Изменить размер шрифта - +
Амаранта прежде всегда держалась приветливо с персоналом гостиницы и, когда требовалось, отворяла им дверь.

Войдя толпою, товарищи погибшей принялись смотреть на тело, причитать, высказывать предположения; все были заняты случившейся здесь смертью человека, кроме Рудольфа Дордена, первым делом обратившего внимание на полотно, накрытое белой тканью.

Живой знойный свет дня полно и сильно освещал комнату.
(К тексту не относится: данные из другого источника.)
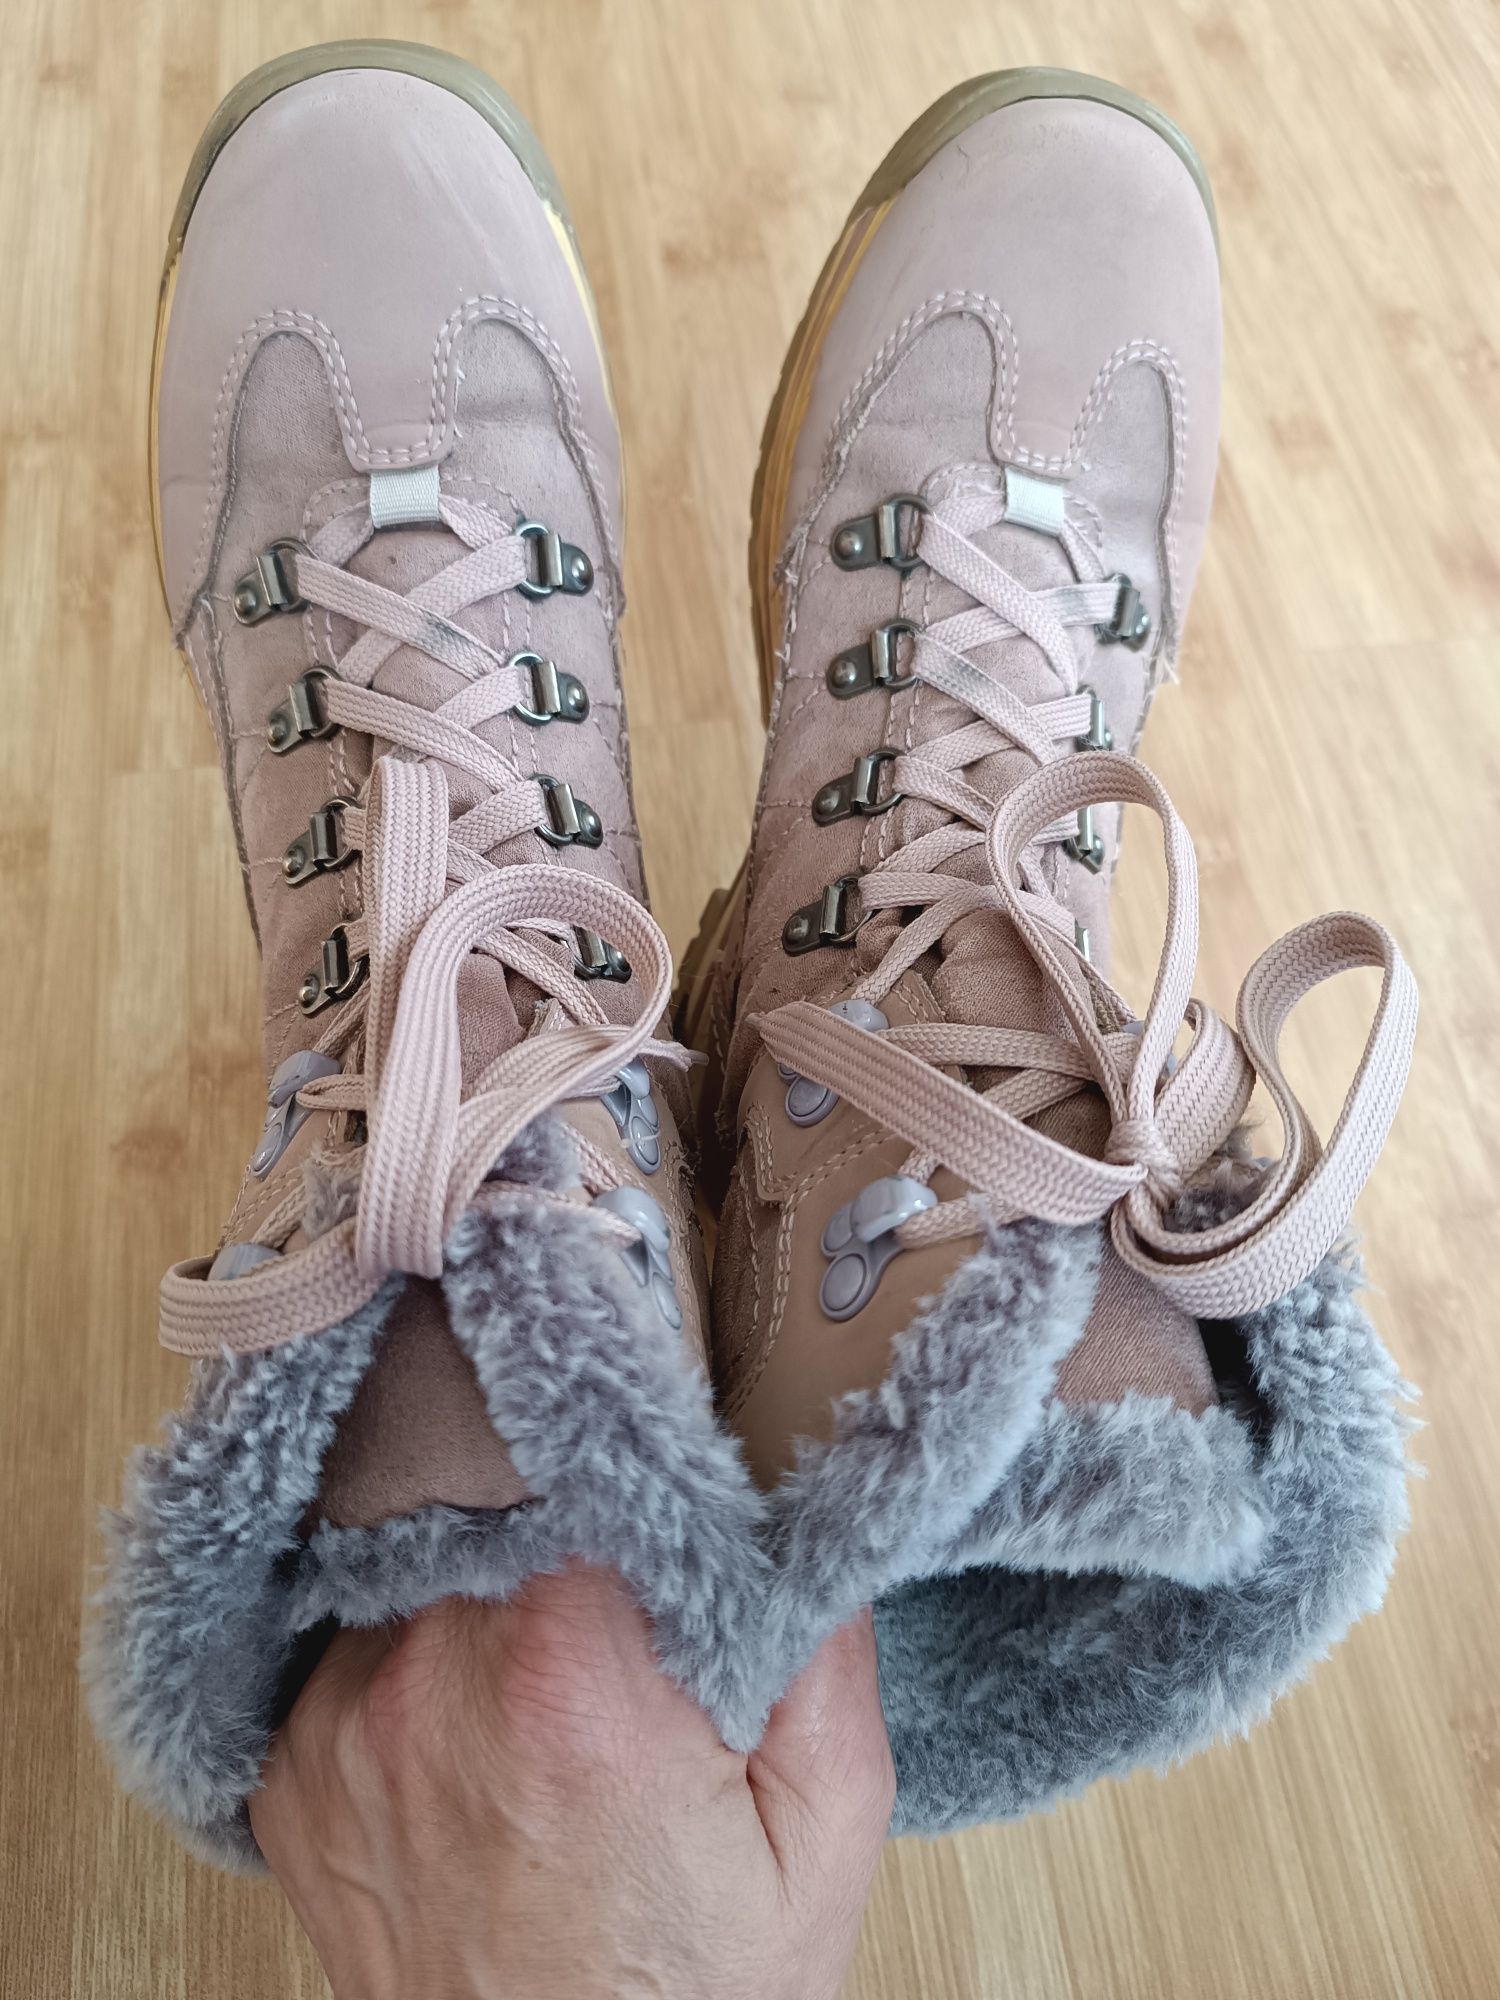 Осінньо-зимові ботинки Cortina 38-39, чоботи, сапожки
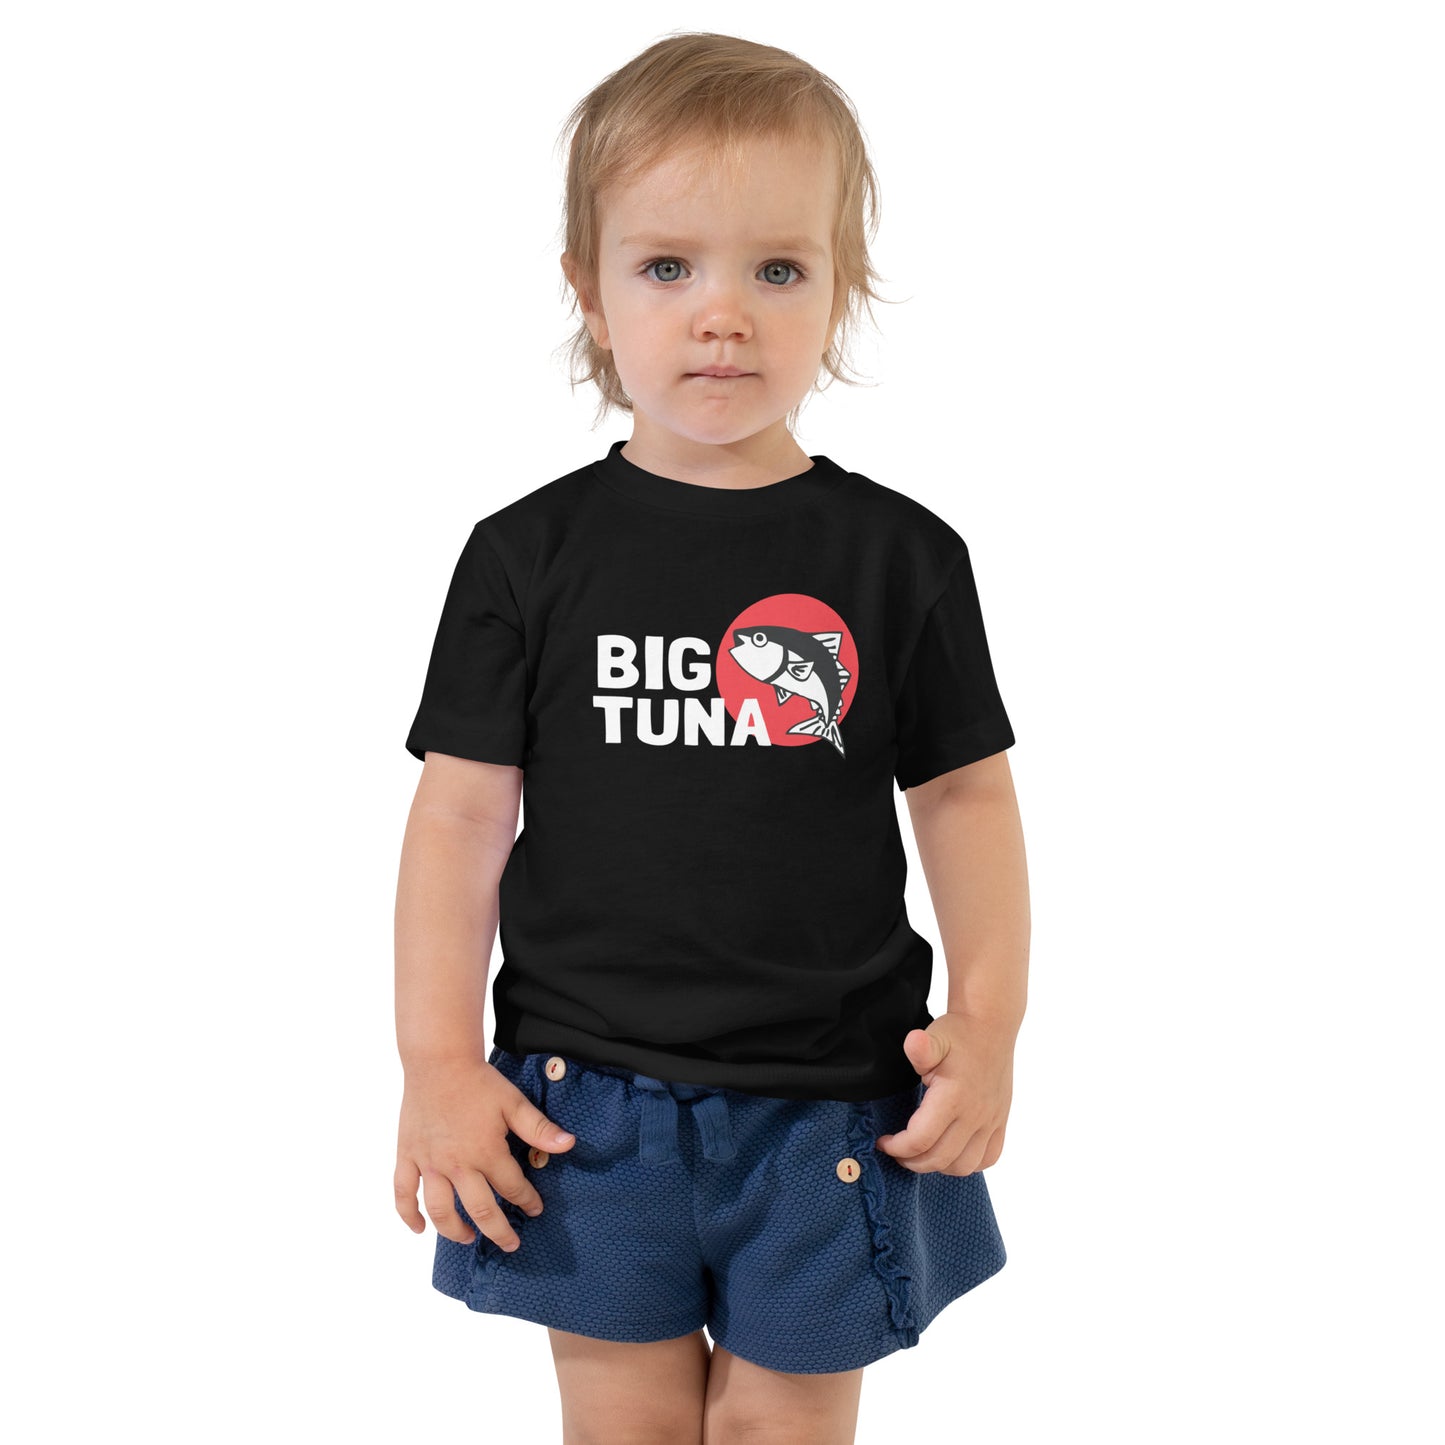 Toddler Tuna Short Sleeve Tee

Лежащая на кровати женщина, над которой склонились гости и служащие отеля, казалось, просто спала.

Дорден подошёл ближе и бесцеремонно сдернул покров с мольберта… Его лицо обдало воздухом, свежий запах мастерской стал отчётливее… Дорден застыл, сжимая в руке белую ткань, другим концом свободно упавшую на пол.

Картина, нежно поблескивающая недавно высохшей краской была вершиной всего, что успел он за свою отнюдь не маленькую жизнь многотрудно передумать и трепетно перечувствовать об искусстве. Испытывая смесь уничтожающей зависти и восхищения, он стоял перед полотном, как только ступивший на тропу живописи ученик перед творением великого мастера.

Рудольф Дорден в этот момент перестал существовать как авторитет сам для себя. Он был уничтожен, убит своим же кинжалом, эросом, возведенным кистью Амаранты в такой высочайший ангельский ранг, к какому прежде ни разу не возносилась его близорукая мысль. Вожделение, не посмевшее выразиться ни в чём, кроме цвета, плавного перетекания нежнейших неземных оттенков, яростно билось в картине, точно чудовищно сильная птица в силке.

Тело мальчика на переднем плане как будто светилось; сноп брызг волны, ударившей в камень, пена, мягкие облака — все это тонкое зыбкое обрамление, сияющее чуть более тускло, было нимбом, отблеском пленительной юной наготы, изучающей тихий чистый свет…

— Боже праведный, — прошептал Рудольф, оторопело отступая на шаг назад, будто сияние картины опалило его лицо.

— Она не завершена, — сказал кто-то у него за спиной. Выставлять её в таком виде нельзя…

— Что вы будете делать?

— Я завершу её, — сказал Дорден.

— И подпишите своим именем?

— Вероятно… Эта картина достойна большего, чем грязная история, известная этому курорту… Ибо картина — великая.

— Ну и сволочь же вы, Рудольф, — произнёс, болезненно скривившись, теперь уже бывший его высокий ученик.

Вернувшись в свой номер, Дорден безжалостно порезал «Актрису…» канцелярским ножом и благоговейно водрузил вместо неё на мольберт последнюю картину Амаранты Тейлор.